How to Win a small business grant.pptx
 
Evaluating Multiple Machine Learning Models for Biodegradation and Aquatic To...
Evaluating Multiple Machine Learning Models for Biodegradation and Aquatic To...Evaluating Multiple Machine Learning Models for Biodegradation and Aquatic To...
Evaluating Multiple Machine Learning Models for Biodegradation and Aquatic To...
 
A presentation at the Global Genes rare drug development symposium on governm...
A presentation at the Global Genes rare drug development symposium on governm...A presentation at the Global Genes rare drug development symposium on governm...
A presentation at the Global Genes rare drug development symposium on governm...
 
Leveraging Science Communication and Social Media to Build Your Brand and Ele...
Leveraging Science Communication and Social Media to Build Your Brand and Ele...Leveraging Science Communication and Social Media to Build Your Brand and Ele...
Leveraging Science Communication and Social Media to Build Your Brand and Ele...
 
Bayesian Models for Chagas Disease
Bayesian Models for Chagas DiseaseBayesian Models for Chagas Disease
Bayesian Models for Chagas Disease
 
Assay Central: A New Approach to Compiling Big Data and Preparing Machine Lea...
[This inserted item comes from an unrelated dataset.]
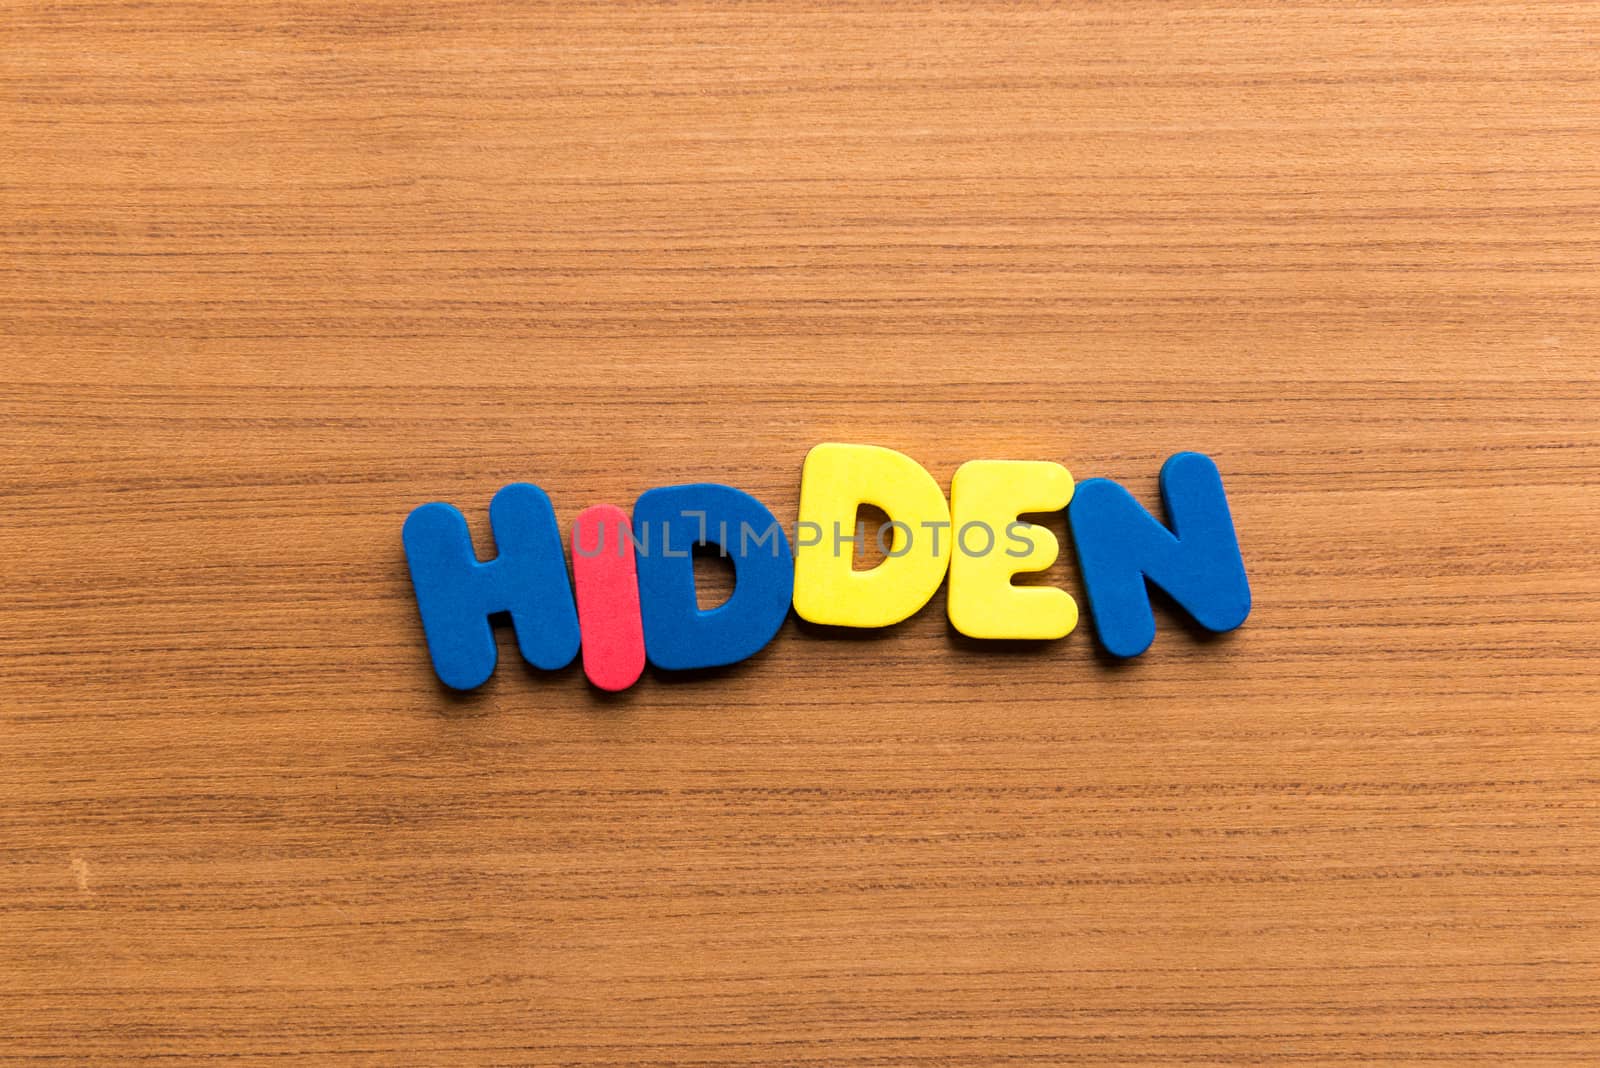 hidden colorful word on the wooden background

Assay Central: A New Approach to Compiling Big Data and Preparing Machine Lea...Assay Central: A New Approach to Compiling Big Data and Preparing Machine Lea...
Assay Central: A New Approach to Compiling Big Data and Preparing Machine Lea...
 
Drug Discovery Today March 2017 special issue
Drug Discovery Today March 2017 special issueDrug Discovery Today March 2017 special issue
Drug Discovery Today March 2017 special issue
 
Using In Silico Tools in Repurposing Drugs for Neglected and Orphan Diseases
Using In Silico Tools in Repurposing Drugs for Neglected and Orphan DiseasesUsing In Silico Tools in Repurposing Drugs for Neglected and Orphan Diseases
Using In Silico Tools in Repurposing Drugs for Neglected and Orphan Diseases
 
Five Ways to Use Social Media to Raise Awareness for Your Paper or Research
Five Ways to Use Social Media to Raise Awareness for Your Paper or ResearchFive Ways to Use Social Media to Raise Awareness for Your Paper or Research
Five Ways to Use Social Media to Raise Awareness for Your Paper or Research
 
Open zika presentation
Open zika presentation Open zika presentation
Open zika presentation
 
academic / small company collaborations for rare and neglected diseasesv2
 academic / small company collaborations for rare and neglected diseasesv2 academic / small company collaborations for rare and neglected diseasesv2
academic / small company collaborations for rare and neglected diseasesv2
 
CDD models case study #3
CDD models case study #3 CDD models case study #3
CDD models case study #3
 
CDD models case study #2
CDD models case study #2 CDD models case study #2
CDD models case study #2
 
CDD Models case study #1
CDD Models case study #1 CDD Models case study #1
CDD Models case study #1
 
Using Machine Learning Models Based on Phenotypic Data to Discover New Molecu...
Using Machine Learning Models Based on Phenotypic Data to Discover New Molecu...Using Machine Learning Models Based on Phenotypic Data to Discover New Molecu...
Using Machine Learning Models Based on Phenotypic Data to Discover New Molecu...
 
CDD: Vault, CDD: Vision and CDD: Models software for biologists and chemists ...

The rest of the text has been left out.